El quid de la cuestión radica en que dichos poderes se están utilizando sin criterio, lo que lleva a la arbitrariedad. Solamente están sirviendo para que el ministro de Sanidad, Salvador Illa, curse órdenes ministeriales con las que corregir leyes mayores, y para que el Gobierno vaya, cada poco tiempo, tomando la temperatura de las aguas a fin de comprobar si le son propicias. Se abusa de los poderes extraordinarios para cambiar de parecer, para enmendar decisiones, y para ir, en esencia, dando extraordinarios palos de ciego. Un poder extraordinario que existe por el mero hecho del poder, sin un fin concreto, es un poder arbitrario. Y es que el Gobierno no tiene un fin concreto, no sabe qué camino seguir. Esa orwelliana nueva normalidad de la que hablan piensan alcanzarla topándose con ella, tomándola como dada, en vez de moldearla para que sea lo más beneficiosa posible a los españoles. La improvisación trae incertidumbre y la incertidumbre ruina. Que Sánchez mismo haya dicho que no hay un plan B, solo el estado de alarma, lo delata. La prórroga de sus poderes extraordinarios se ha convertido en su salvavidas.

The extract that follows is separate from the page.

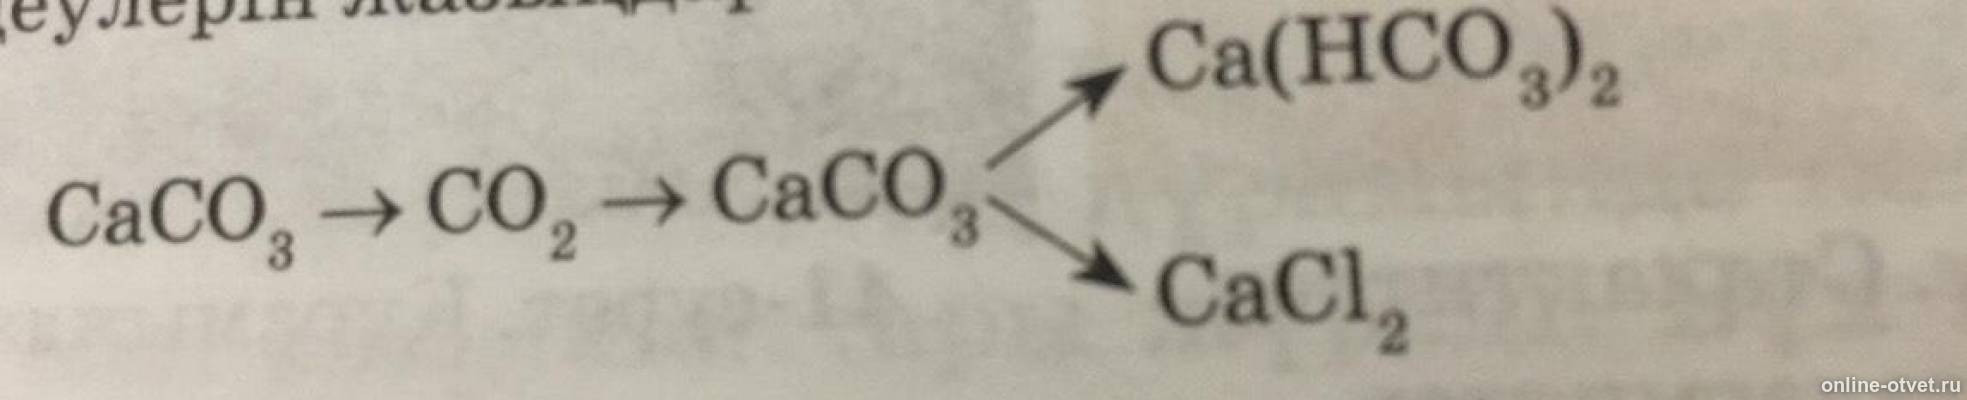 Ca hco3 2 mg no3 2. CA(hco3)2. Caco3 CA hco3. CA hco3 2 + co3. Из caco3 в CA hco3.

El Gobierno quiere dar a entender que solamente con el estado de alarma podrá solucionarse la situación pero la realidad es que solo mediante el estado de alarma tiene bula para errar, enmendarse y volver a errar sin tener que rendir cuentas. Porque las visitas al Congreso cada quince días no son una fiscalización; son en esos plenos donde el Gobierno advierte a la Oposición, y lleva advirtiendo más de cuarenta días aunque solo ayer lo haya verbalizado, que sin estado de alarma no habrá recuperación. Y la Oposición, atemorizada por el repunte en el número de infectados y muertos que pueda darse si el estado de alarma (y con él el confinamiento) decae, accede a prorrogar el paraíso fiscal en el que Gobierno se salva de rendir cuentas. Pero no queda otra opción que la finalización del estado de alarma, porque la fiscalización natural del Gobierno, la prevista democráticamente, traerá mayor eficiencia. No puede esperarse eficacia mientras el Gobierno esté amparado por unos poderes que no se pueden criticar ni controlar ni quitar. Existen los mecanismos legales para que las comunidades autónomas gestionen el desconfinamiento y el Gobierno debe recurrir a ellos, o la Oposición obligarle a ello. Es crucial que retorne la normalidad democrática para poner fin a una arbitrariedad despótica que atrofia el funcionamiento de las instituciones y que demora, cada día más, la recuperación del país.